Rien de tel que de se promener dans les quartiers de Montréal pour se rappeler les noms de ces pionniers. On les trouve partout. Je vous propose donc un tour de métro. Honoré Beaugrand a été maire de Montréal ainsi que fondateur et propriétaire de plusieurs journaux. Charles-Théodore Viau a créé une biscuiterie célèbre. Raymond Préfontaire, lui aussi maire de Montréal, était le gendre de Jean-Baptiste Rolland, fondateur d’une grande papetière. Jean-Louis Beaudry a été un entrepreneur et un des fondateurs de la Banque Jacques-Cartier, un ancêtre de la Banque Nationale.

quote-noir-left Il y a plus de 6 000 rues à Montréal et il serait présomptueux […]de tenter de nommer tous les marchands, propriétaires terriens et industriels qui ont laissé une empreinte toponymique sur des artères ou des endroits particuliers de la ville. quote-noir-right

Poursuivons sur la ligne verte du métro. James McGill, un riche marchand de fourrures, a légué ses terres pour créer l’université qui devait porter son nom. Étienne Guy était le propriétaire des terrains sur lesquels on a tracé la rue Guy au centre-ville. Edwin Atwater, un autre grand propriétaire terrien, a cofondé la Banque d’épargne de la cité et du district de Montréal, aujourd’hui la Banque Laurentienne.

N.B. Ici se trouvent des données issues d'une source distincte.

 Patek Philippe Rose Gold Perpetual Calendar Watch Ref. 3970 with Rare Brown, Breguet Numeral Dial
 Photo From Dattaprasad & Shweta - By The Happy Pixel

Montréal Ville d'affaires depuis 375 ans

Les rues du centre-ville

Une promenade à pied au centre-ville est tout aussi intéressante. Simon McTavish a fait fortune dans la traite des fourrures, tout comme James Mackay. John Redpath, un des grands industriels du 19e siècle, a notamment fondé la sucrerie qui porte son nom. C’est en mémoire de sa deuxième épouse, Jane Drummond, qu’on a nommé cette rue de l’ouest de la ville.

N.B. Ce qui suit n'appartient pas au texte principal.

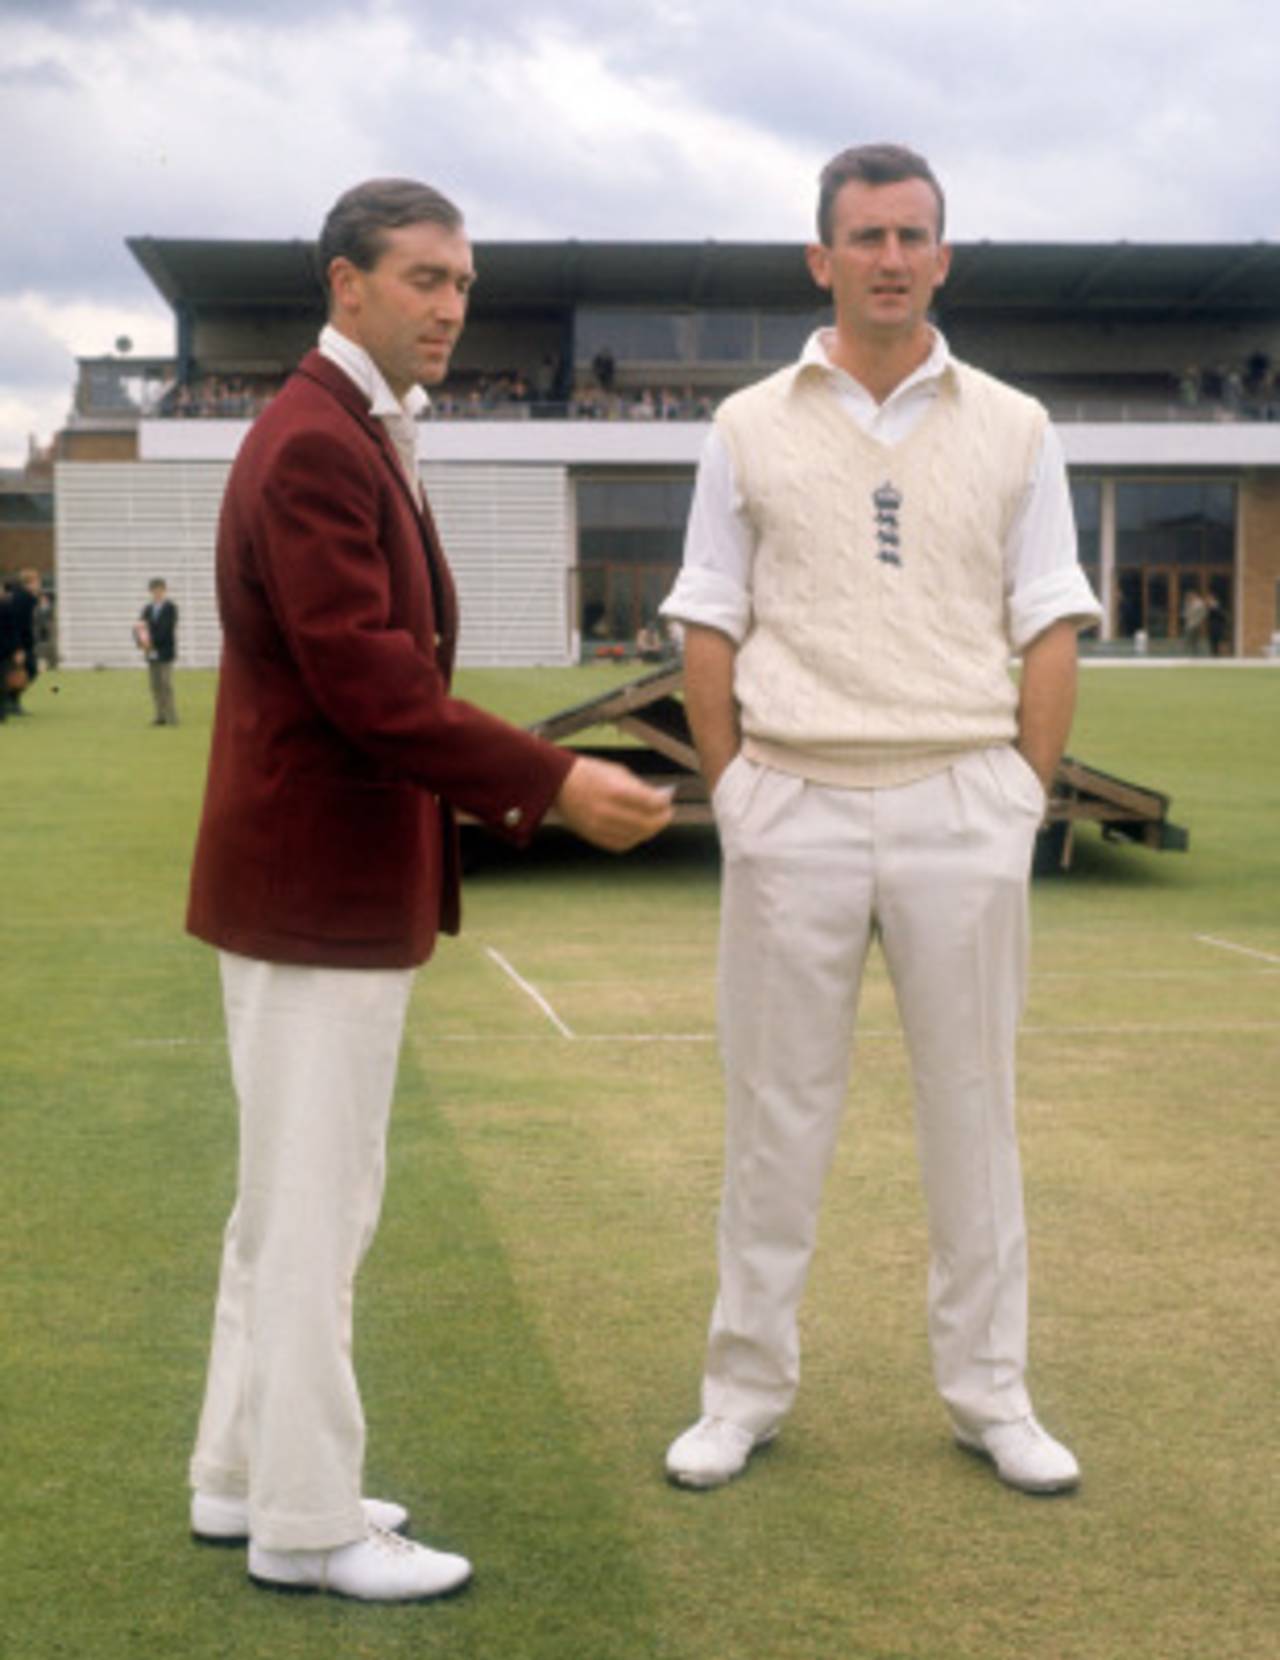 Keith Andrew and Ted Dexter prepare to toss before a county match in 1962&nbsp;&nbsp;&bull;&nbsp;&nbsp;PA Photos

On trouve dans l’arrondissement Rosemont–La Petite-Patrie des rues qui portent les noms de personnalités légendaires du monde des affaires montréalais. Il y a évidemment la rue Molson, baptisée ainsi d’après John Molson, qui a établi sa brasserie à Montréal en 1786, et la rue Masson, du nom du premier millionnaire canadien-français. Tout près, il y a celle nommée en l’honneur d’Ucal-Henri Dandurand, un des promoteurs immobiliers associés au lotissement résidentiel de Rosemont, qui a aussi été le propriétaire de la première automobile immatriculée au Québec. Cette artère se trouve juste au sud de la rue Holt, nommée en mémoire d’Herbert Holt, associé de Dandurand, qui, de Montréal, a présidé pendant 26 ans aux destinées de la Banque Royale en plus d’avoir été un des pionniers de la production d’électricité et de gaz naturel au Canada.


LIRE AUSSI : Le risque d’entreprendre


Il n’existe pas de rue Gault qui rendrait hommage au fondateur de la Compagnie d’assurance de Montréal, dite du Soleil. Mais si Matthew Hamilton Gault, de la Sun Life, est aujourd’hui à peu près oublié, il y a à tout le moins un hôtel Gault dans le Vieux-Montréal. Il s’agit de l’ancien entrepôt-magasin de la Gault Brothers & Co., une entreprise à l’époque dirigée par Andrew Frederick Gault, frère du précédent et magnat du textile.

quote-noir-left Ucal-Henri Dandurand, un des promoteurs immobiliers associés au lotissement résidentiel de Rosemont, qui a aussi été le propriétaire de la première automobile immatriculée au Québec. quote-noir-right

Des générations d’entrepreneurs

Traversant d’est en ouest plusieurs quartiers de Montréal, la rue Beaubien a été nommée en mémoire de plusieurs générations d’entrepreneurs, propriétaires terriens et professionnels de cette famille encore active aujourd’hui : les de Gaspé Beaubien. La rue Van Horne a été baptisée en l’honneur d’un prénommé William Cornelius, gérant de la construction du chemin de fer transcontinental et président du Canadien Pacifique.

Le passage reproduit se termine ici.